CN116702091A

CN116702091A - Multi-mode ironic intention recognition method, device and equipment based on multi-view CLIP

Info

Publication number: CN116702091A
Application number: CN202310737347.3A
Authority: CN
Inventors: 覃立波; 周璟轩; 黄仕爵; 陈麒光; 蔡晨冉; 张钰迪; 梁斌; 车万翔; 徐睿峰
Original assignee: Central South University
Current assignee: Central South University
Priority date: 2023-06-21
Filing date: 2023-06-21
Publication date: 2023-09-05
Anticipated expiration: 2043-06-21
Also published as: CN116702091B

Abstract

The application discloses a multi-mode ironic intention recognition method, a device and equipment based on a multi-view CLIP, wherein the method comprises the following steps: sequentially encoding and decoding text information and image information in the data tuples; the method comprises the steps of adopting a CLIP model to encode to respectively obtain respective vector representations of a text and an image, and decoding to respectively obtain ironic score distribution based on a text view and an image view; after the respective vector representations of the text and the image obtained by encoding are spliced, feeding the text and the image into a transducer for modal fusion, determining the attention weight of the text and the image by adopting a key-less attention mechanism, and decoding to obtain irony score distribution based on the interactive view of the text and the image; 3 ironic score distributions based on the text view, the image view and the text-image interaction view are aggregated, and an ironic intention recognition result of the data tuple is obtained according to the aggregation result. The application improves the ironic intention recognition accuracy and has good interpretation.

Description

Multi-mode ironic intention recognition method, device and equipment based on multi-view CLIP

Technical Field

The application belongs to the technical field of data identification, and particularly relates to a multi-mode ironic intention identification method, device and equipment based on a multi-view CLIP.

Background

Irony is a language method for expressing strong discontents, opposition, and jeers by using the convincing techniques such as bilingual, exaggeration, and metaphors. Irony has a long history in human society, from drama in the ancient greek period to modern cartoon and internet segments, irony is always an important way for people to express criticism. However, since the true emotion intended to be expressed ironically may be contrary to the superficial speech, conventional emotion analysis methods may have erroneous emotion classification in analyzing ironically text, thereby affecting the accuracy thereof. Thus, ironic intent recognition can help to identify the true emotion contained in the information, facilitating tasks such as emotion analysis and opinion mining.
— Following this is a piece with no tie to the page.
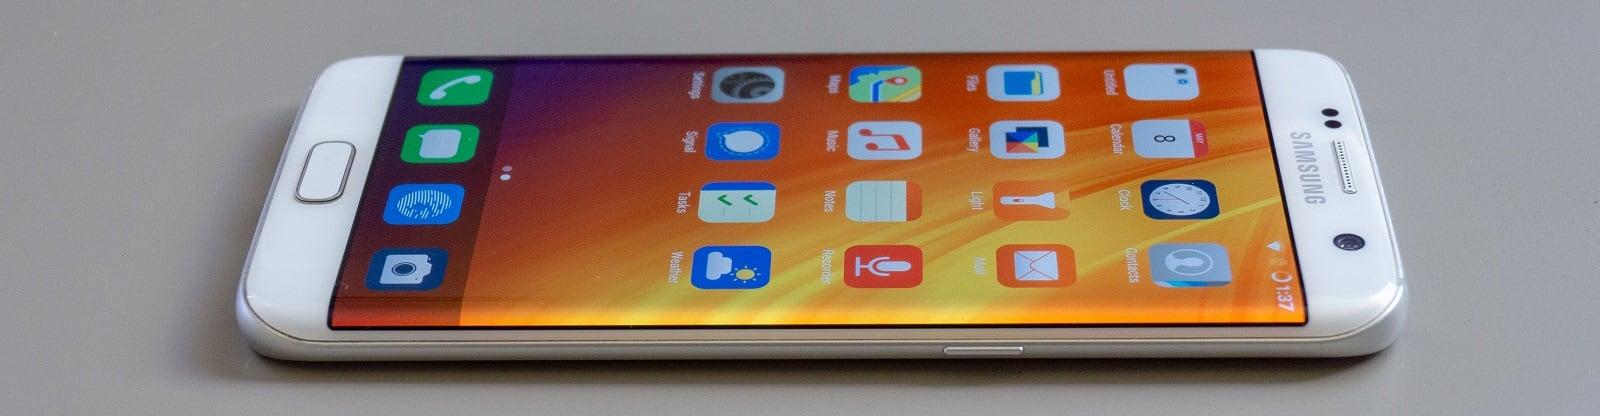 Smartfon z Androidem bez aplikacji Google? To możliwe dzięki /e/ foundation 22

Irony's meaning is often understood by context, which is often multi-level, ambiguous and ambiguous. This makes irony difficult to understand and identify accurately. In addition, the techniques of congratulation commonly used in irony also increase the difficulty of identifying irony. In recent years, due to the rapid development of social media, multimodal irony recognition, which aims at recognizing irony emotion in a multimodal scene, has attracted more and more research attention. Unlike traditional text-based ironic recognition methods, multi-modal ironic recognition comprehensively utilizes information of multiple modalities to perform feature fusion, adapts to various ironic manifestations, and has more accurate and comprehensive recognition performance in ironic recognition tasks.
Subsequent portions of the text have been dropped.